By ADAM URQUHART - Staff Writer | Jan 4, 2020

Telegraph photo by ADAM URQUHART Democratic presidential candidate Cory Booker of New Jersey speaks passionately to those gathered in a crowded room at Zco Corp. in Nashua on Friday about why he is running.

NASHUA – U.S. Sen. Cory Booker, D-N.J., continued making his case to be the 2020 Democratic presidential nominee on Friday during his tour of the immigrant-led Zco Corp. business in Nashua on Friday.

U.S. Rep. Annie Kuster, D-N.H., and New Hampshire Rep. Latha Mangipudi , D-Nashua, joined Booker for the tour.

“We are going to win as a nation, not a party, we’re going to win as a nation when we affirm that the ties that bind us are stronger than the lines that divide us – when we work as generations past have to put more indivisible back into this one nation under God,” Booker said.

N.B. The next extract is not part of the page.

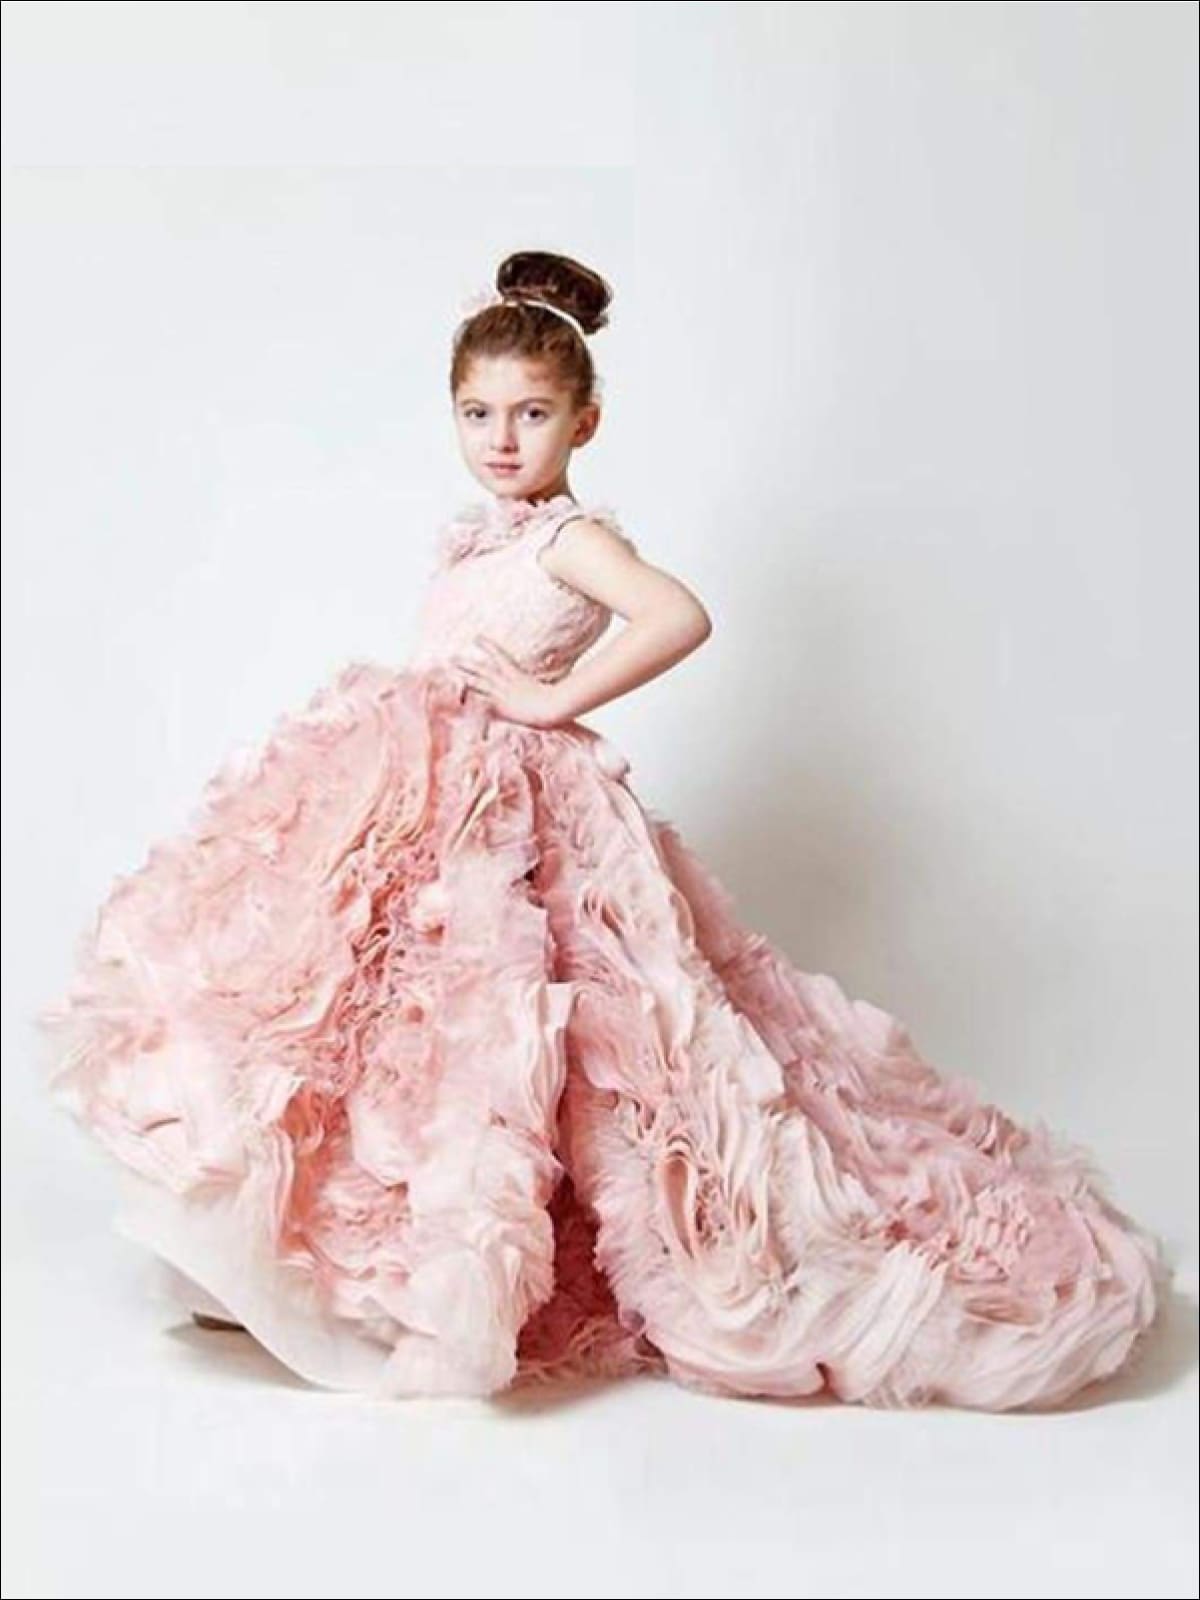 light pink flower girl dresses

Booker said this election should not only be about what certain candidates oppose, but also what they support. Booker said he wants to lead a Democratic Party whose members can inspire voters to go to the polls.

Booker said this is a “moral moment” in America. He said he is tired of seeing fellow citizens getting slaughtered guns that he believes should be outlawed.

“The strongest nation on the planet Earth sends our children to school with the implicit message that we can’t protect you, so we’re going to send you to school to teach you how to hide,” Booker said. “We now are a nation, that in our public schools, we have more shelter in place drills than we do have fire drills.”

Booker said the candidate the nation needs is one who can help get to a point where the country has a revival of civic grace – when members of the nation begin to have the courageous empathy for the needs of others.

On the topic of gun violence, Booker aims to pursue a number of initiatives if elected president. Some of these include taking on the National Rifle Association and the corporate gun lobby; banning assault weapons, high-capacity magazines and bump stocks; limiting gun buyers to one handgun per month; and increasing funding for community-based violence intervention programs and gun violence research. Booker also aims to pass universal background checks and keep guns out of the wrong hands with gun licensing.

“We are best when we stand together and work together,” Booker said. “That’s not just how we get out of the gully: That’s how together, to the mountain top, we will rise.”